# Recurve center and end serving recommendations?



## bernardinifan (Dec 12, 2010)

many recurve shooter use .19 halo for both the end and center serving. You could use .14 halo for the end but it is not necessary. Also some people are serving their loop with the string material itself. It make your bow quieter but you cant strech your string before serving because the material will slip under your loop.


----------



## dwagoner (Sep 27, 2007)

i do have a tied tag ends D97 on my recurve ive used this summer for bowfishing, its holding very well with the 50lb bow, you could tie ends with that 35lb for sure and have it last. i did start with some halo for center serving and liked alot but i needed larger diameter with bowfishing arrows, i do like the halo for center. ends theres no reason you cant use 3D and not have the higher priced halo, yeah its not alot of serving on the curve strings for sure. cant say for sure what center would be best fit for 14 strand sorry


----------



## Johndburk (Apr 29, 2011)

By tied tag ends, do you mean you tied the ends of the string material, and do these tied tag ends wind up under the end serving?

Are they tied with a whip stitch?

Think I saw something like this on bOw_bender's "how-to" videos on his website at www.nwspinner.com


----------



## DK Lieu (Apr 6, 2011)

I use Angel Majesty for both the center and the ends. It's more expensive than other materials, but I've had very few problems with it. Also, my biggest investment in string-making is my time, so the cost of the material doesn't matter that much to me. My servings typically outlast the string itself.


----------



## Johndburk (Apr 29, 2011)

Do you use the same size serving material for both end and center servings, or do you have 2 different spools of the Majesty serving?


----------



## DK Lieu (Apr 6, 2011)

I have two Beiter serving jigs. One jig is always loaded with 0.018" Angle Majesty serving, which is what I usually use for the end servings. The other jig I use for the center serving, which can be 0.015", 0.018", or 0.021" Angel Majesty serving, depending on the nock fit I need. You can get by with a single jig, if you don't mind changing out the spools.


----------



## Johndburk (Apr 29, 2011)

Thanks for the info, it's very helpful and always welcome. 

When I do shell out for a string server, I might give an Emerald serving tool a try. It looks pretty straight-forward to swap out spools, and the comments I've read on it seem pretty favorable. Anyone have any direct experience with this serving jig?
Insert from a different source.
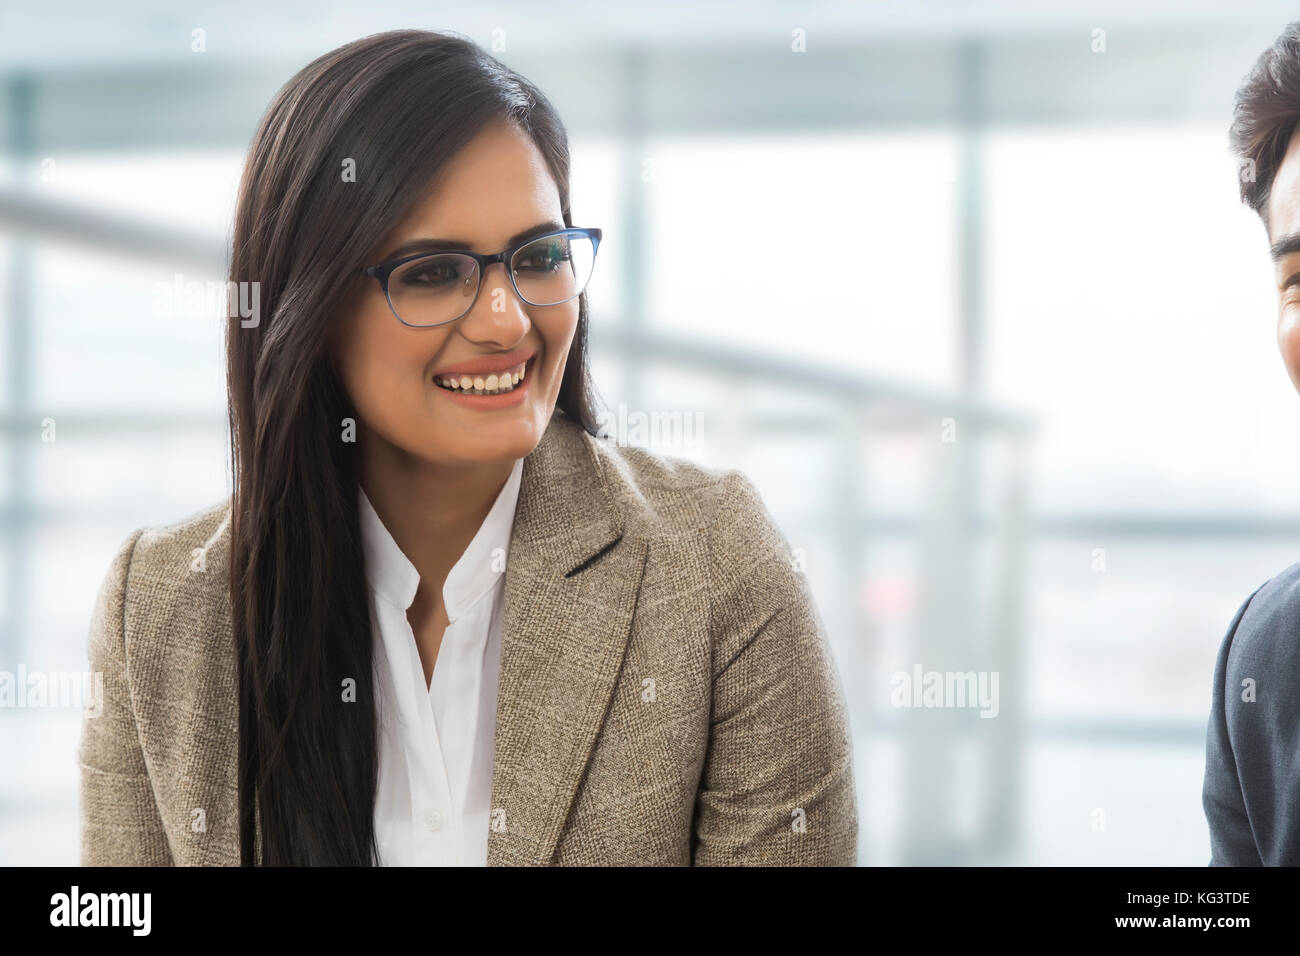 Portrait of businesswoman smiling Stock Photo

http://www.nwspinner.com/index.php/emeraldmenu


----------



## ex-wolverine (Dec 31, 2004)

DK Lieu said:


> I use Angel Majesty for both the center and the ends. It's more expensive than other materials, but I've had very few problems with it. Also, my biggest investment in string-making is my time, so the cost of the material doesn't matter that much to me. My servings typically outlast the string itself.


That majesty is magical stuff....wish it was a little less expensive....but its money well spent

Sent from my DROIDX using Tapatalk


----------